● EXERCISE DATA:
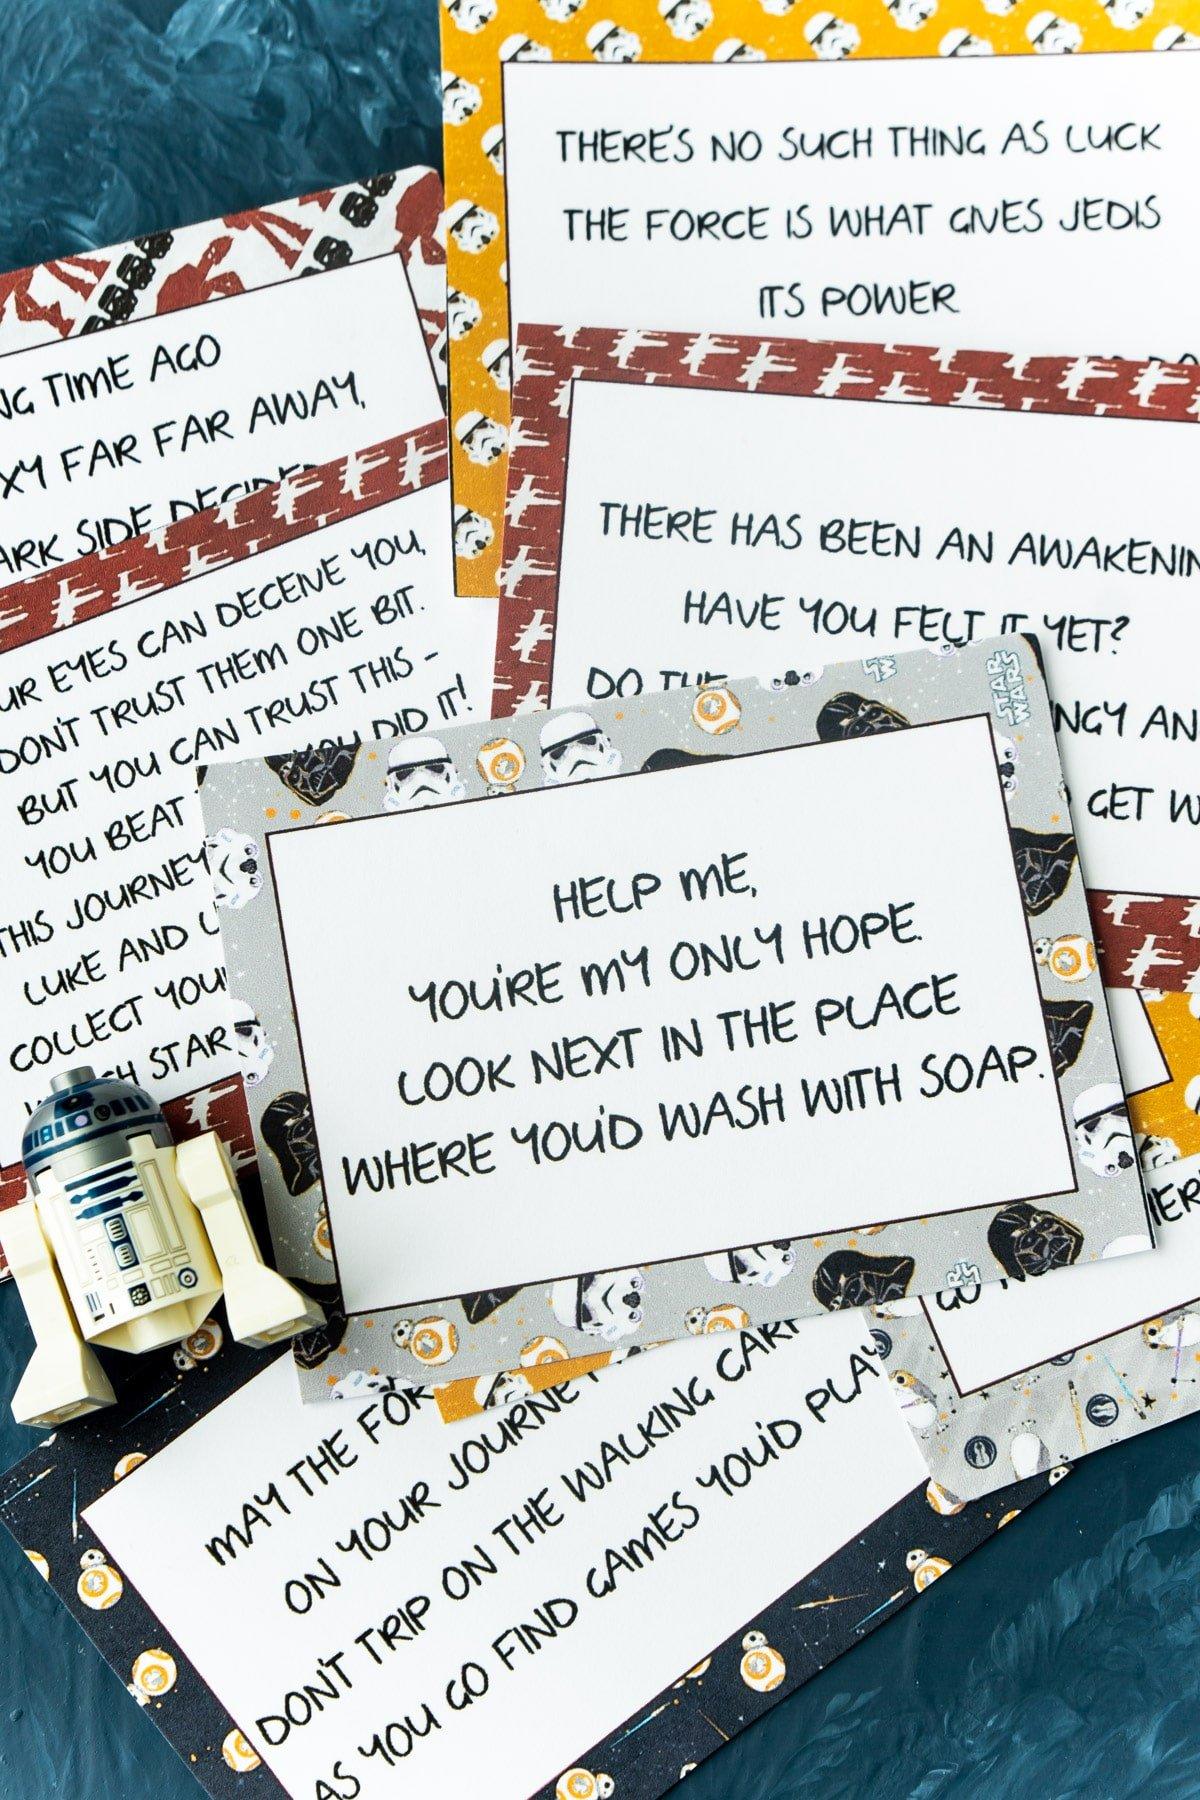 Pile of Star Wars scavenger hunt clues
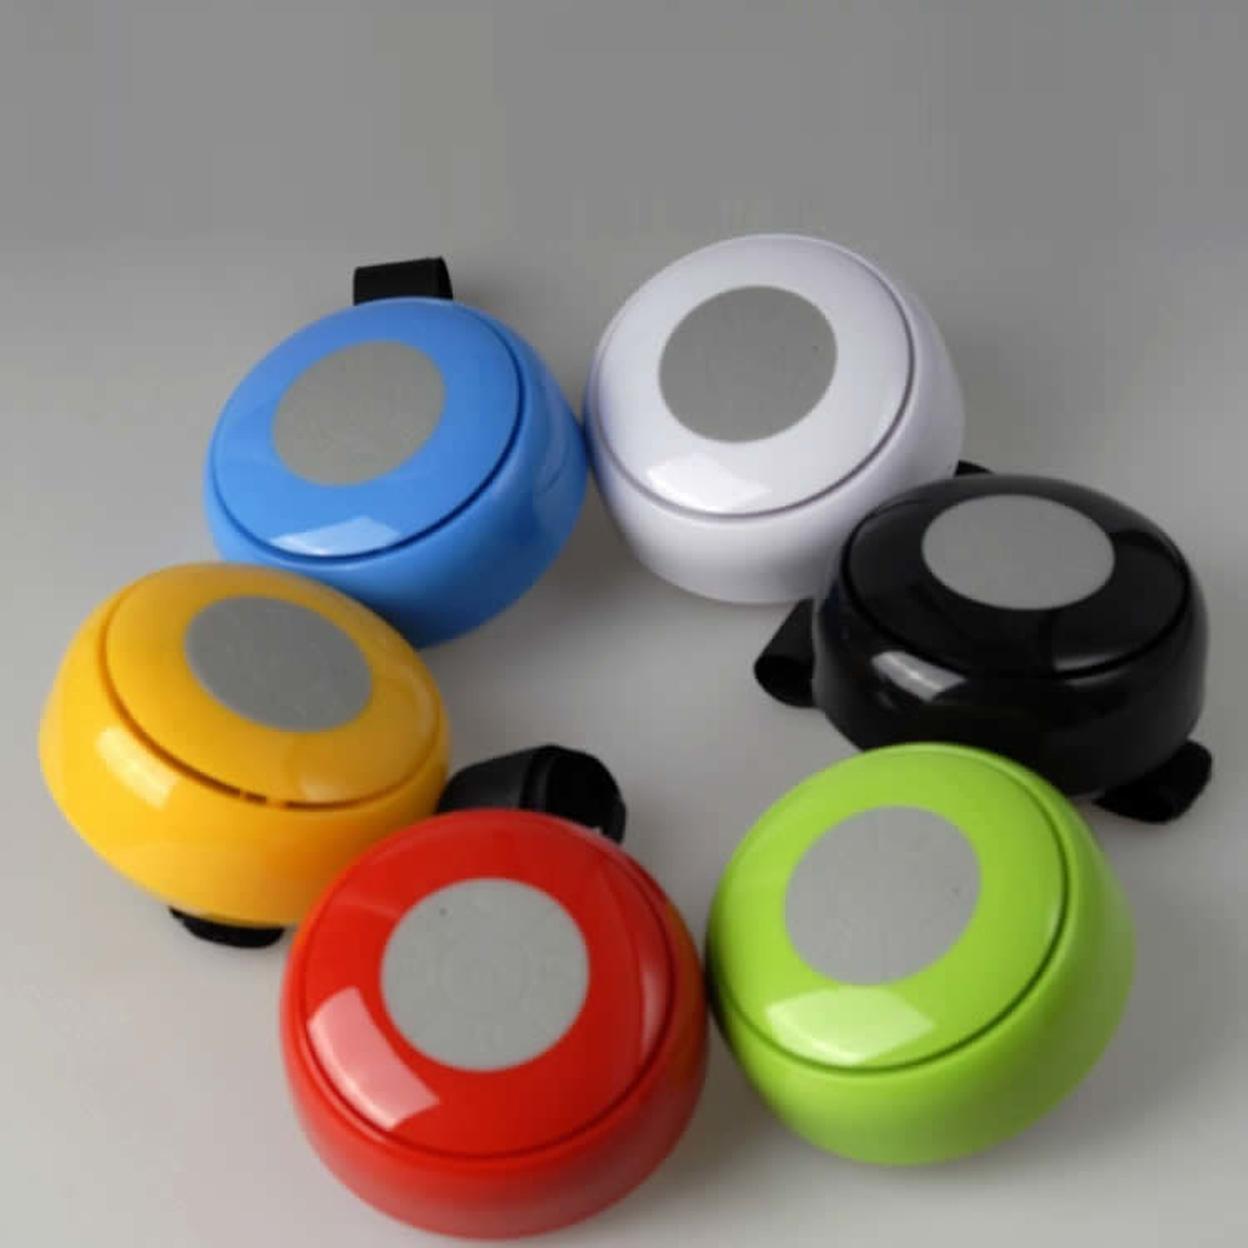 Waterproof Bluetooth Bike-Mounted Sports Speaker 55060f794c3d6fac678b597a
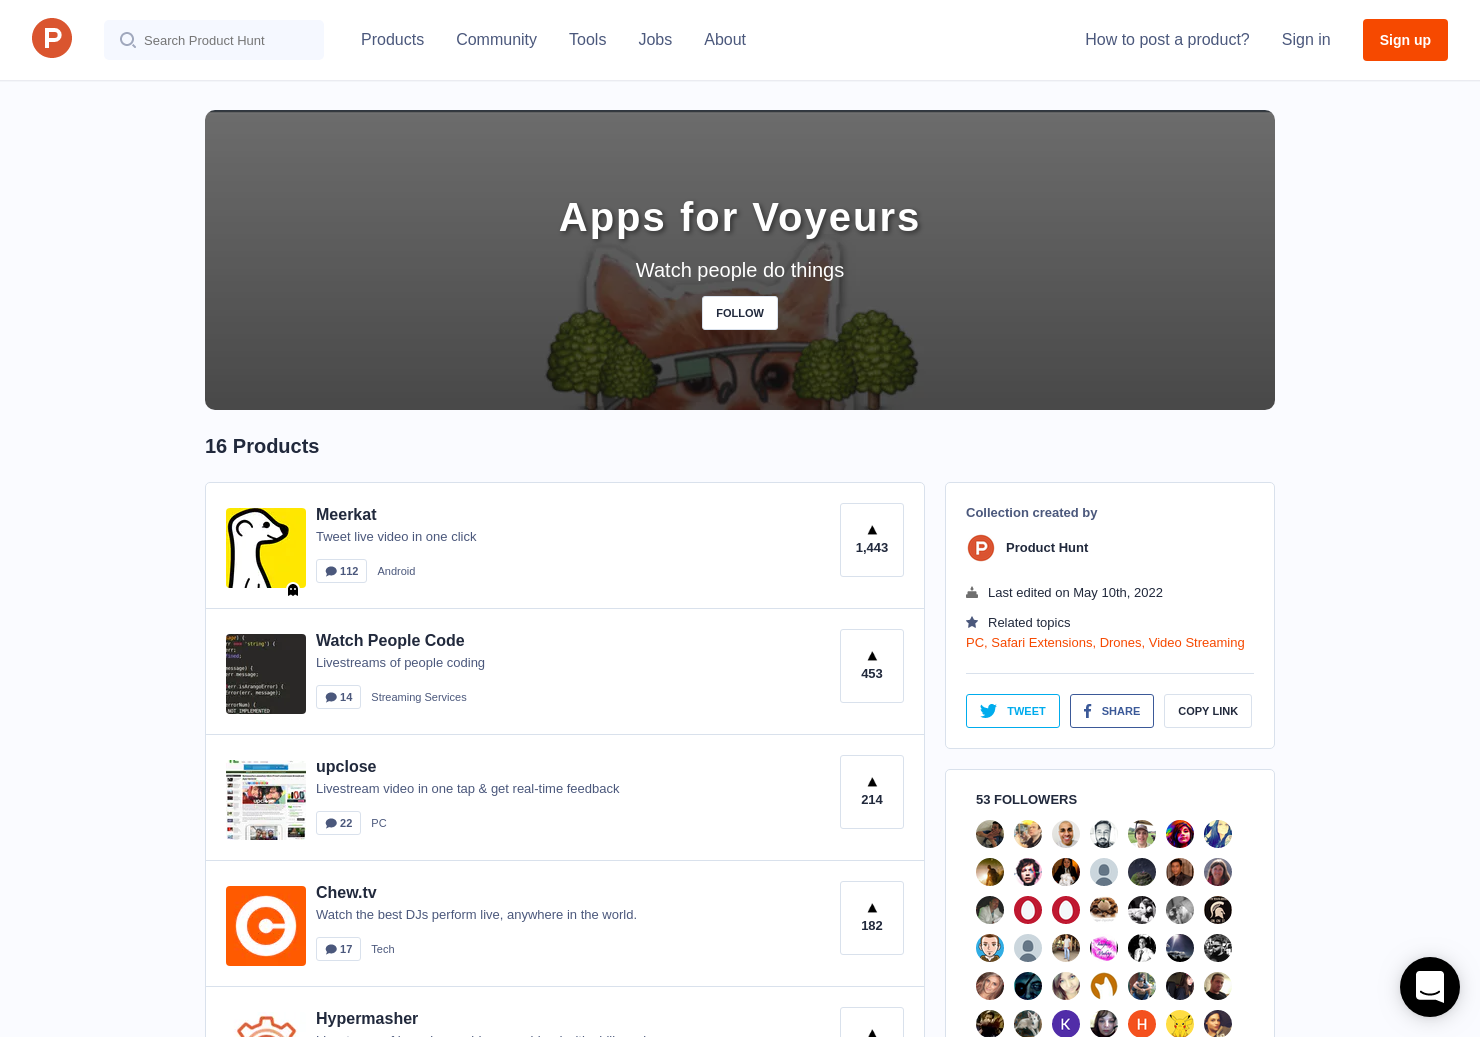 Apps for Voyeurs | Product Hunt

● EXERCISE DIRECTIONS:
Restate word for word only the lines that run from the line holding "Waterproof Bluetooth Bike-Mounted" to the end of the data, both ends kept, leaving every picture out.

● RESPONSE AREA:
 Waterproof Bluetooth Bike-Mounted Sports Speaker 55060f794c3d6fac678b597a
 Apps for Voyeurs | Product Hunt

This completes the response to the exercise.